Следовательно, перед вами независимая биография Джоковича и Сербии. Это мой взгляд на него и на его родину. Читатели вправе не согласиться со сказанным мной, тем более что это скорее частное мнение, нежели объективное исследование. Что касается отношения самого Джоковича, то, поскольку через какое-то время он сам хочет взяться за собственную биографию, он не приветствовал общение своих ближайших родственников со мной, и я с уважением отнесся к его желанию. Члены его команды связаны соглашением о конфиденциальности, однако многие люди, близкие к нему, охотно беседовали со мной, за что я им искренне благодарен. Сам Джокович помог мне, ответив на ряд вопросов о своей роли спортивного и политического деятеля.
Прояснить этот момент важно по той причине, что Джокович – истинная суперзвезда. «Вы понимаете, что жизнь в стране практически останавливается, когда он играет?» – спросил Гай Де Лони, белградский корреспондент «Би-би-си», когда я встретился с ним, чтобы узнать его мнение о некоторых главах, посвященных Сербии. Друг Джоковича Душан Вемич подтверждает: «Когда Новак играет важные матчи турниров Большого шлема, улицы пустеют. Все сидят по домам и болеют за него». То есть Джокович приобрел в Сербии во многом заслуженный статус «мирского святого». Тем не менее по-прежнему важно оценивать его беспристрастно. Вот почему в некоторых местах этой книги я отзываюсь о нем критически, – но не потому, что имею что-то против выдающегося теннисиста, а просто потому, что он человек, существо из плоти и крови, а в наш век звезд и суперзвезд важно уметь видеть, что даже те, перед кем мы готовы падать ниц, сочетают в себе разные качества – как хорошие, так и не очень.
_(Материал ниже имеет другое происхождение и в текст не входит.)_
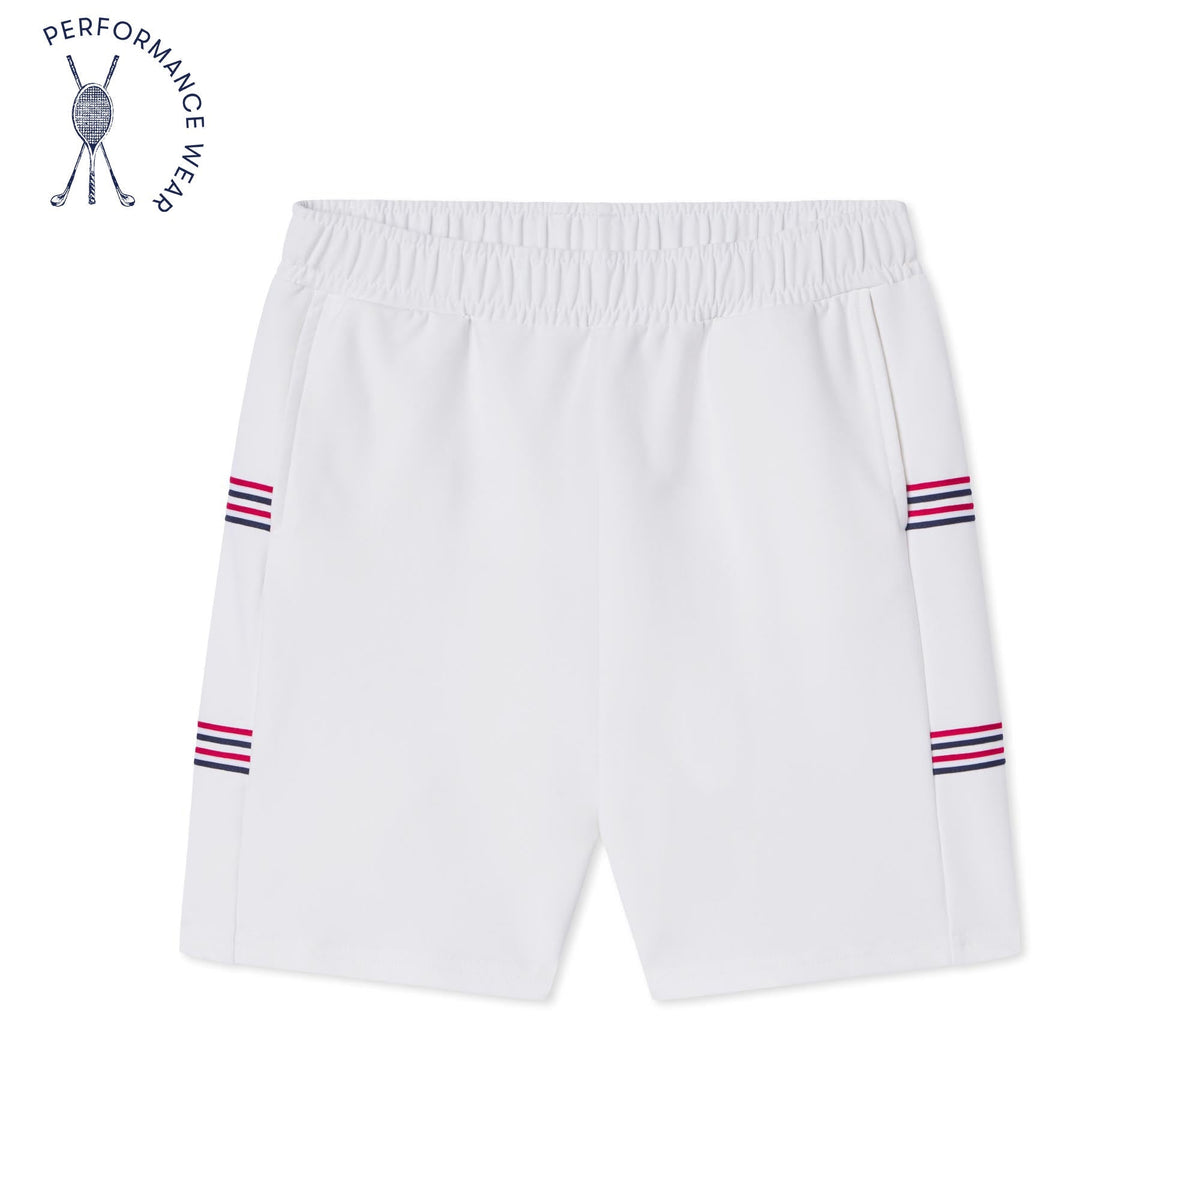 Classic and Preppy Tex Tennis Performance Americana Short, Bright White-Bottoms-Bright White-XS (2-3T)-CPC - Classic Prep Childrenswear

Немного о диакритических знаках. В орфографии стран Центральной и Восточной Европы используется ряд таких знаков, многие из них отражают транслитерирование славянских имен с кириллицы на латиницу. Мне пришлось решать, оставлять эти диакритические знаки или нет, и, если рассуждать реалистично, компромисс в этом вопросе невозможен. Мне, как человеку, выучившему три языка помимо родного, интуиция подсказывала, что диакритические знаки необходимо оставить, но в конце концов я предпочел не делать этого. Главной причиной стало то, что фамилия Джоковича, «Djokovic» – вестернизированная форма записи его фамилии на родине. Латиницей она пишется как «Đoković», а буква j добавляется в тех случаях, когда в шрифте нет «Đ» (точно так же, как в немецком языке добавляется е, когда в шрифте отсутствует умляут, и тогда «Schüttler» превращается в «Schuettler», «Görges» становится «Goerges», и пр.). Поскольку Новак известен во всем англоязычном мире как «Djokovic», было бы явным противоречием на протяжении всей книги называть его «Đoković», а отсюда логически вытекает и отказ от всех прочих диакритических знаков. Прошу прощения у коллег-лингвистов, считающих это решение неверным.